§ Work required
All of the data goes into your copy exactly as written. Images do not.

§ Data excerpt
::::
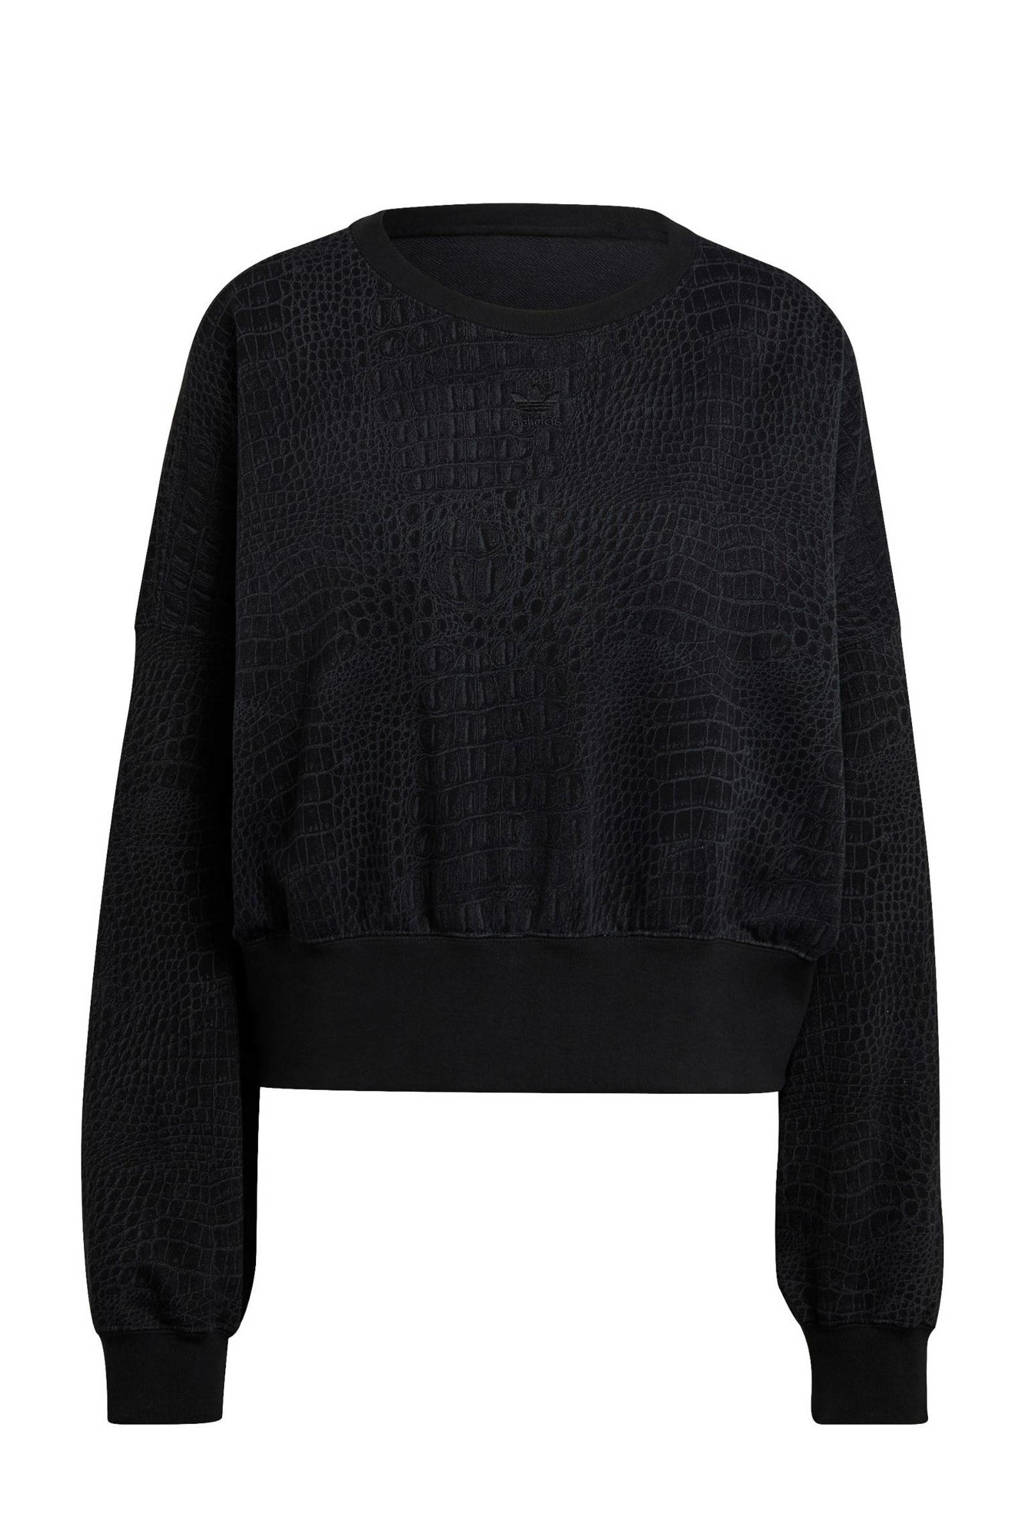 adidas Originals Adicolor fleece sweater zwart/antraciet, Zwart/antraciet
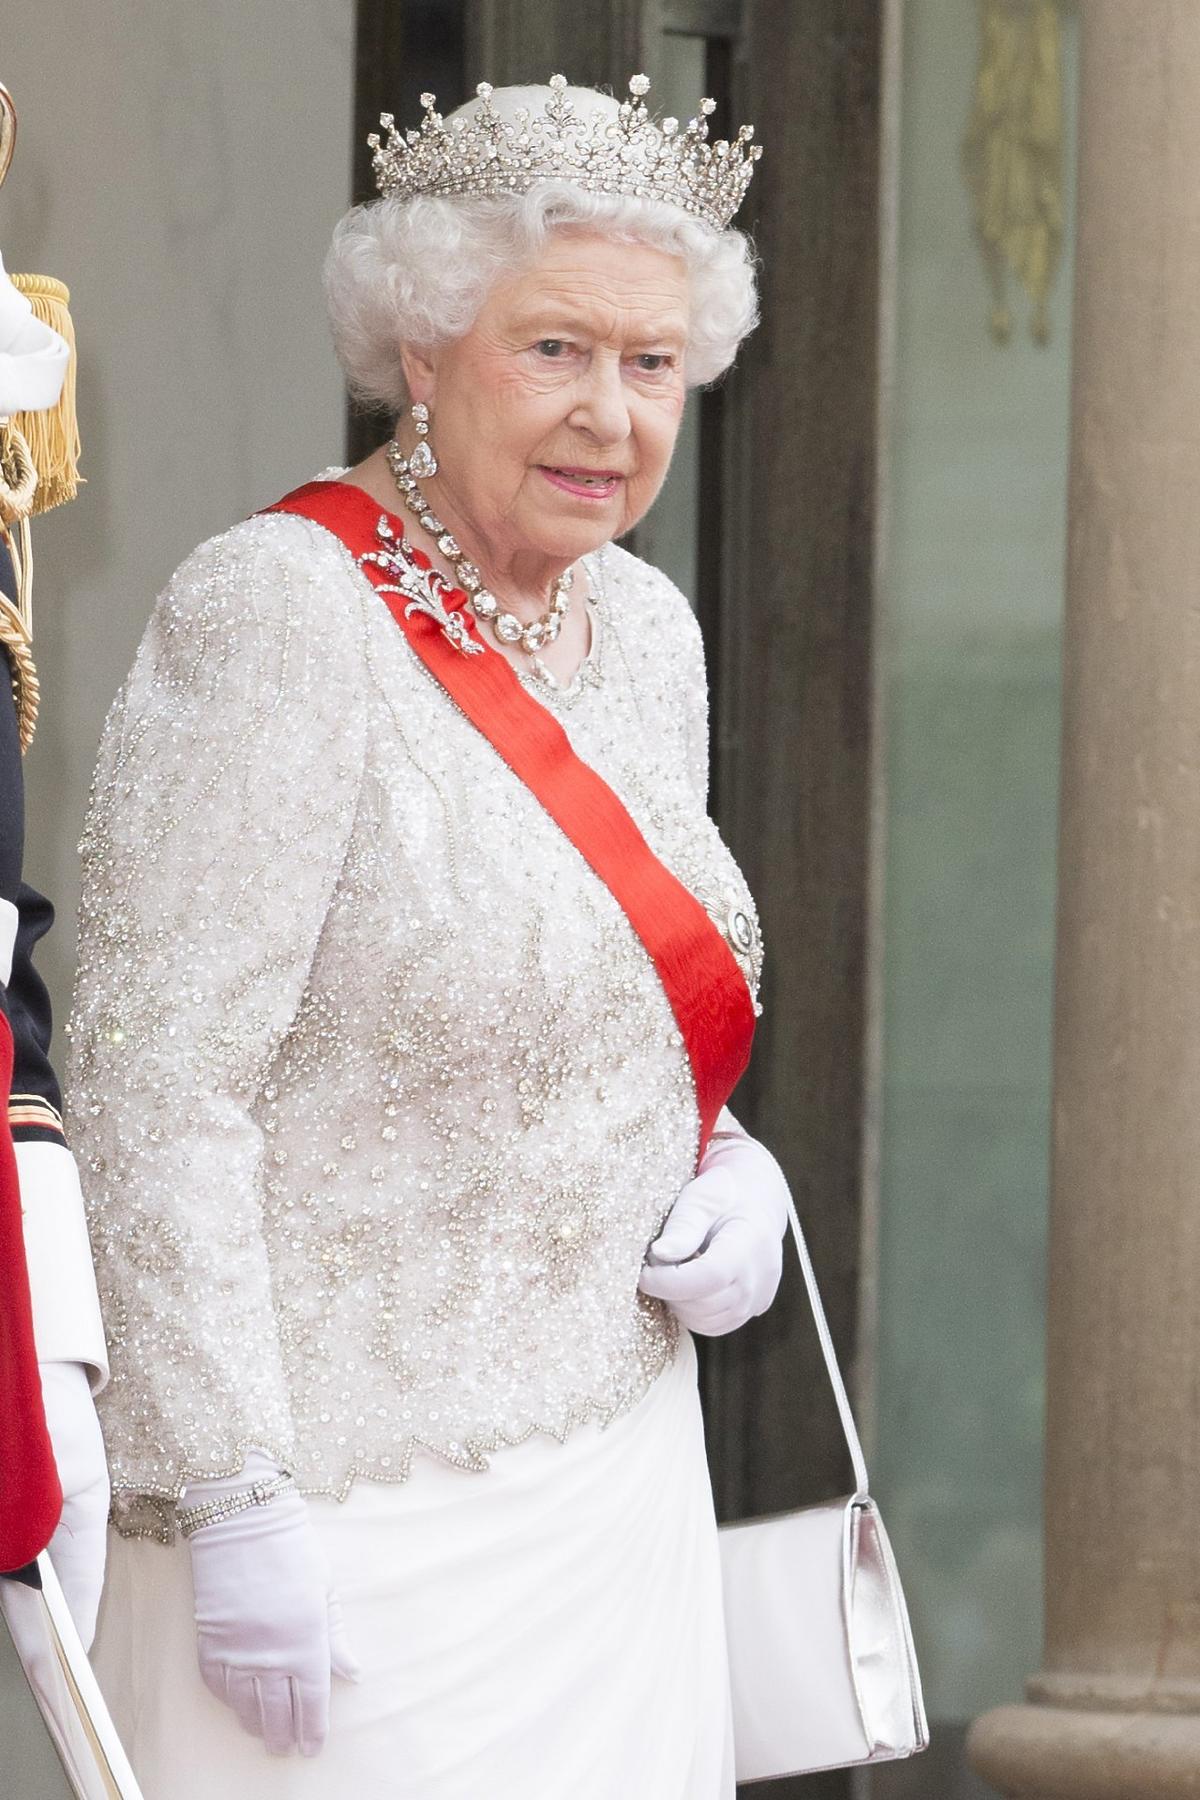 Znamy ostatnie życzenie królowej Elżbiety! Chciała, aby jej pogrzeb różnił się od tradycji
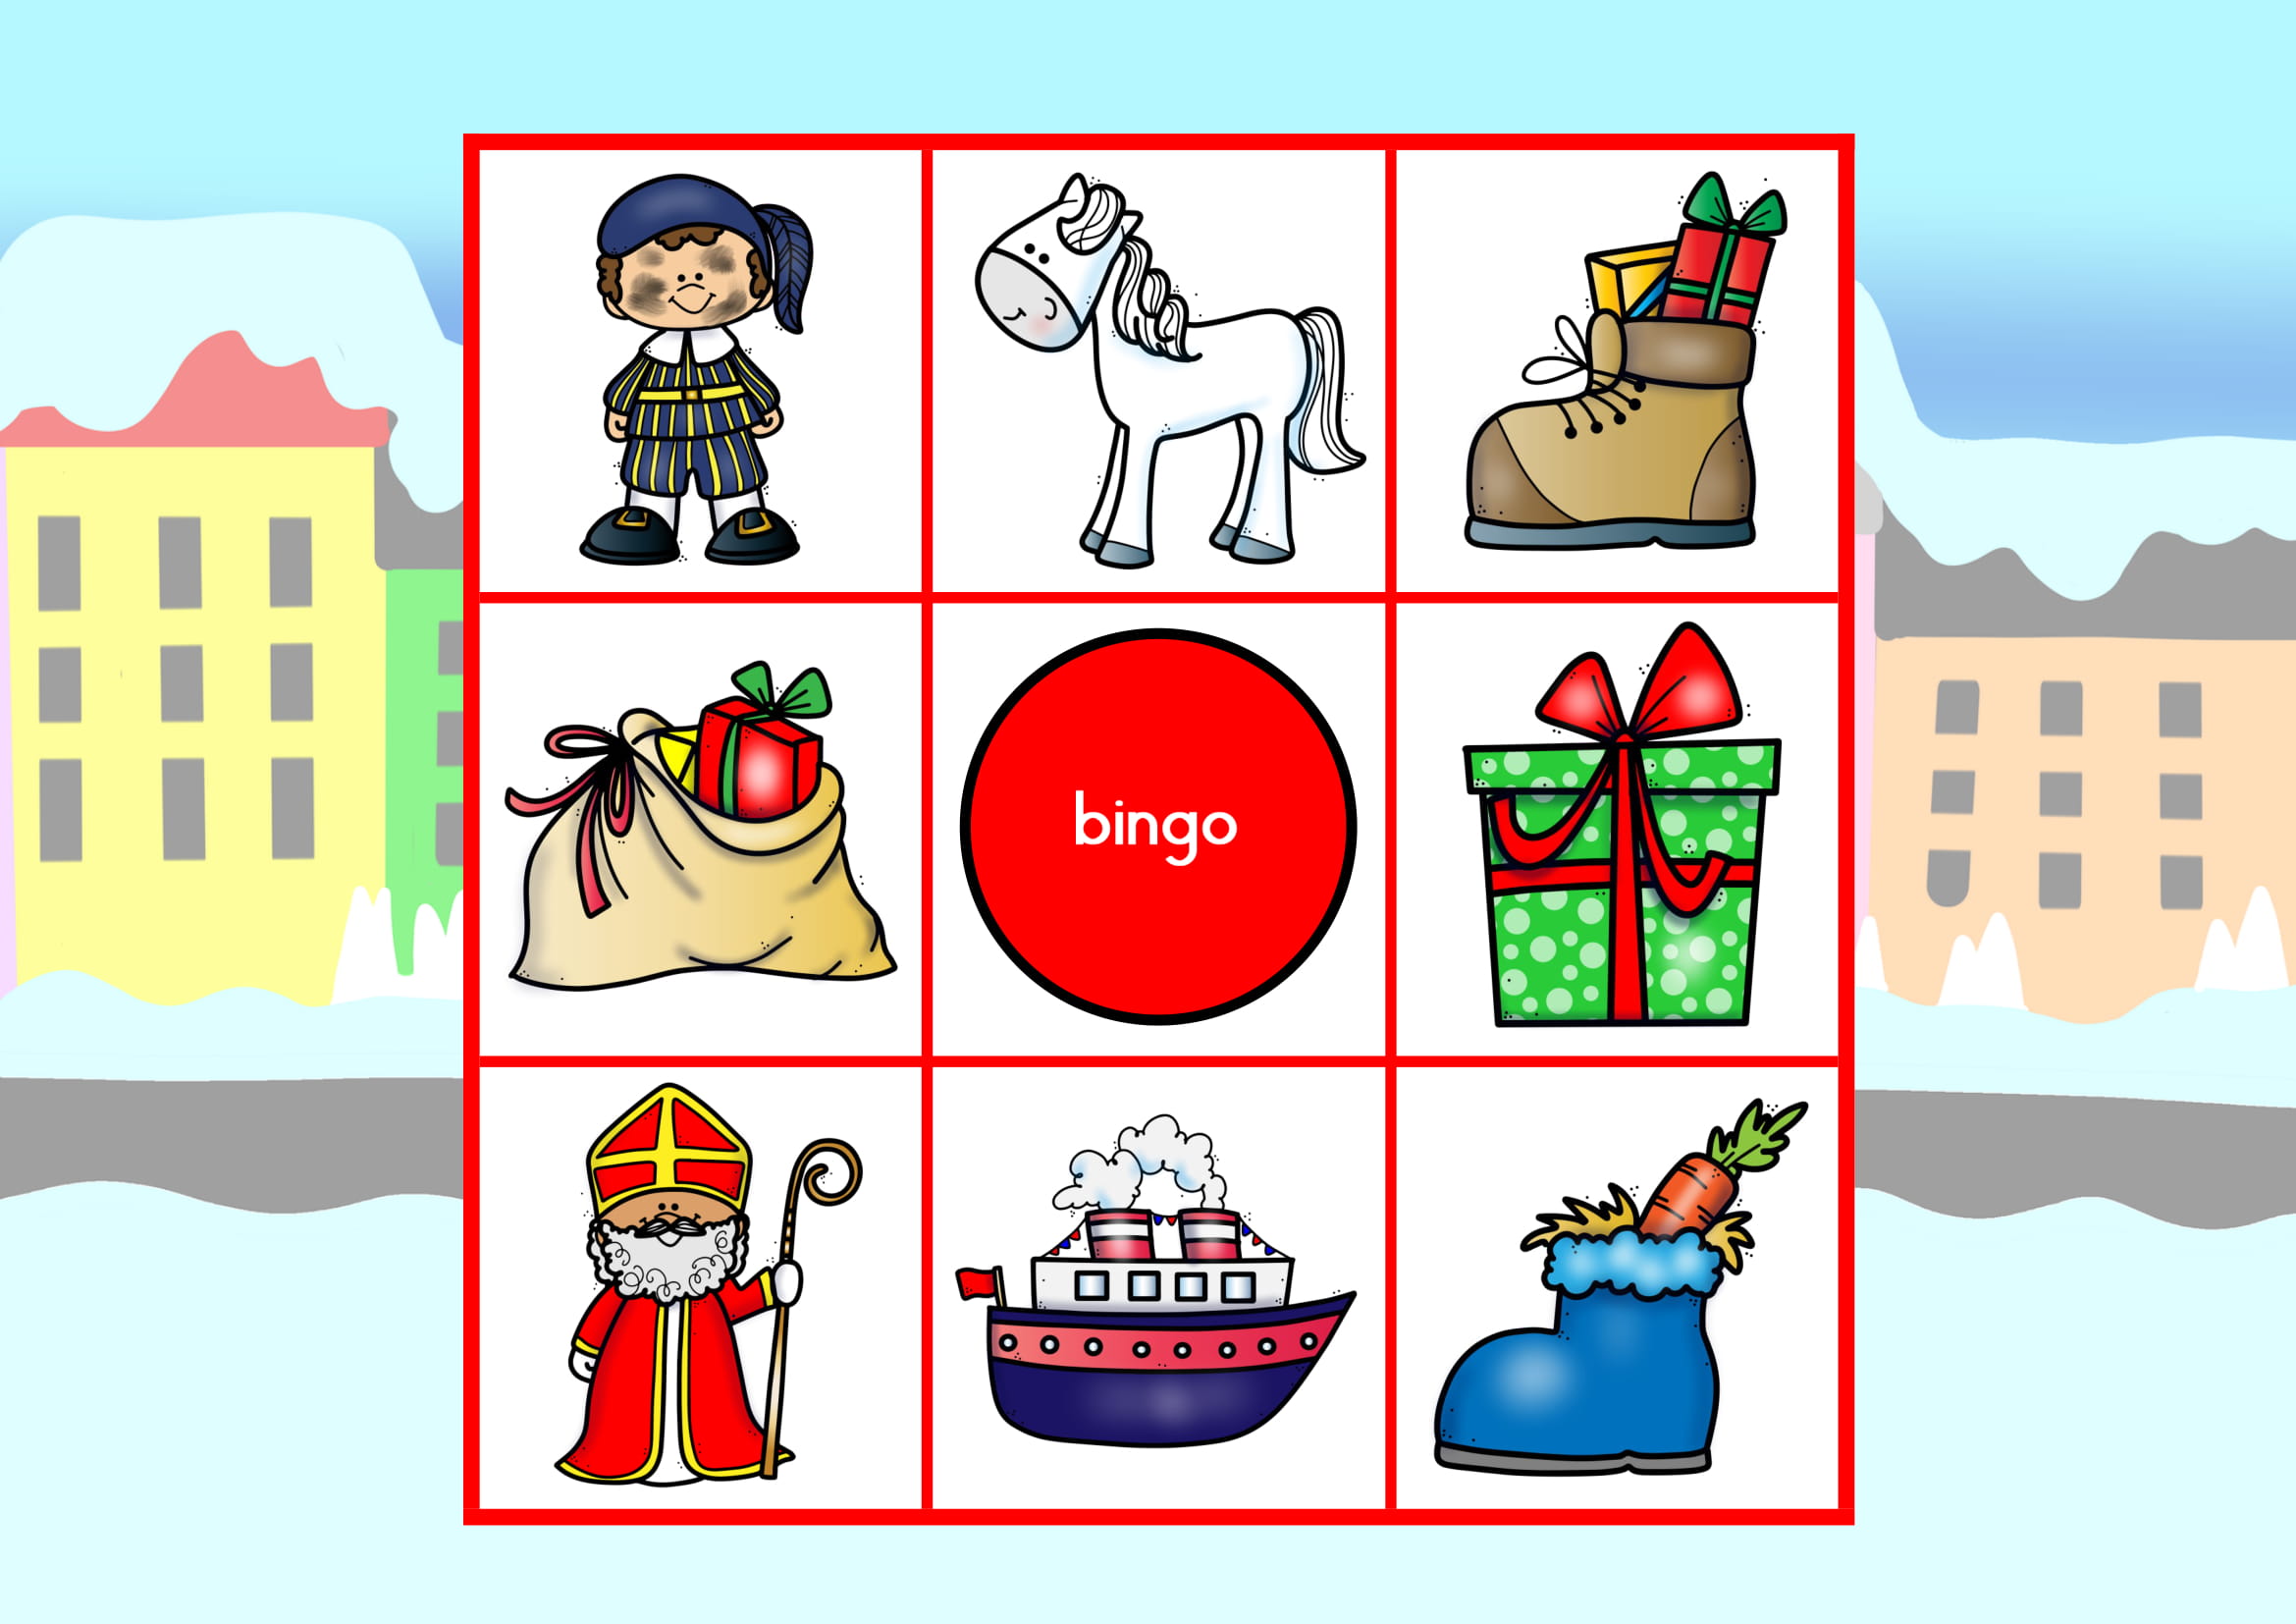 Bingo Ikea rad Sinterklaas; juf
::::
§ Output for this exercise
 adidas Originals Adicolor fleece sweater zwart/antraciet, Zwart/antraciet
 Znamy ostatnie życzenie królowej Elżbiety! Chciała, aby jej pogrzeb różnił się od tradycji
 Bingo Ikea rad Sinterklaas; juf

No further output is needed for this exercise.